Scientists are working on something called gene therapy for people with hemophilia. Gene therapy is an experimental technique that tries to provide the body with the genetic information it doesn't have. Hemophilia is considered a good test for gene therapy because it is caused by only one defective gene. Scientists hope that they will be able to provide people with hemophilia with the genetic information they need to produce their own missing clotting factors.
If you have hemophilia, your day-to-day life is probably pretty normal. Exercise is important for teens with hemophilia because it makes muscles stronger, which protects the joints and decreases bleeds. Swimming and cycling are great because they don't put pressure on the joints.
In fact, you can participate in many sports, although team sports, such as soccer, basketball, or baseball, present a higher risk and all contact sports (like football, boxing, lacrosse, and hockey) are off-limits because there's a high risk of injury.

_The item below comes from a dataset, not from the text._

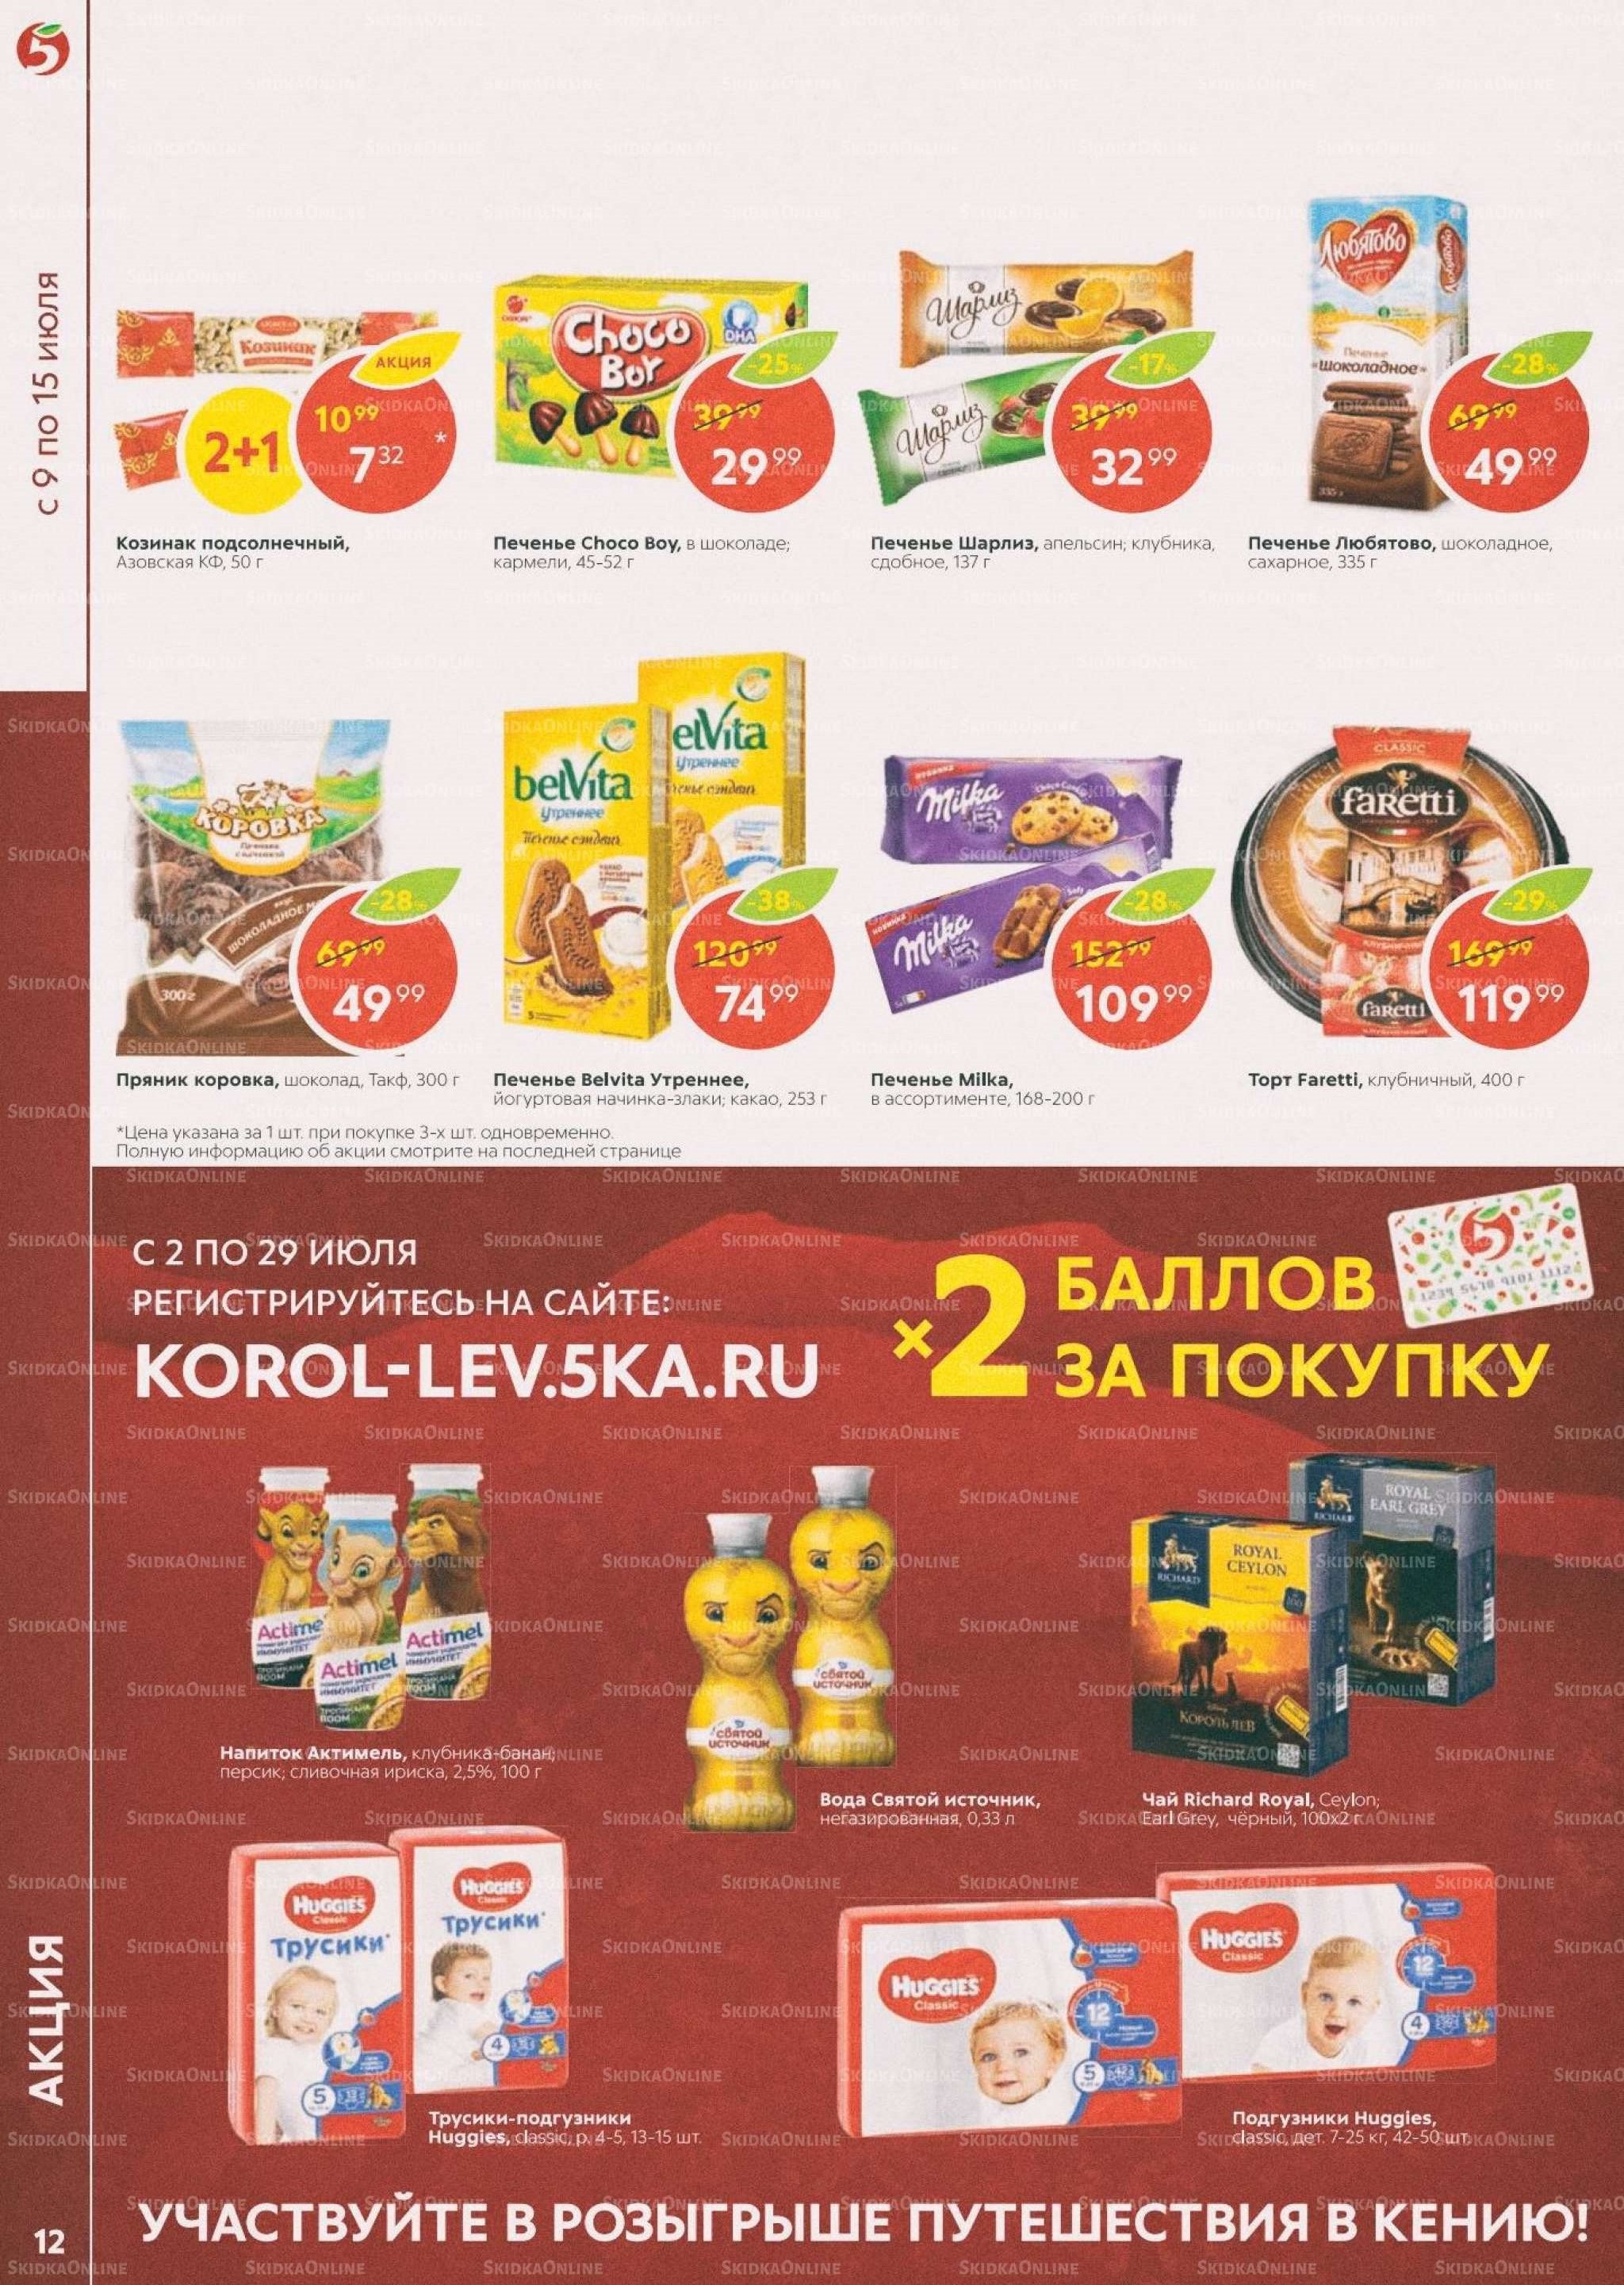 Акции в магазинах Пятерочка с 9 июля по 15 июля 2019 г.

It's also important to maintain a healthy weight because extra pounds can strain the body. And don't take any product that contains aspirin, ibuprofen, or naproxen sodium. All of these can keep blood from clotting.
If you have hemophilia and want to hang out with other people who have the disease, think about going to a camp for teens with hemophilia. You do all the fun stuff they have at any camp, but you also learn how to take the very best control of your condition.
At times you might feel really overwhelmed. Try to remember that you're not alone. Talk to your mom or dad, your doctor, a nurse, or anyone on your treatment team. They can help you deal with the emotional aspects of having hemophilia.
Having hemophilia doesn't mean you can't work out, go on dates, or do most of the things that guys like to do. You just have to be smart about your condition. Learn everything you can so you can take care of yourself and make choices that are right for you.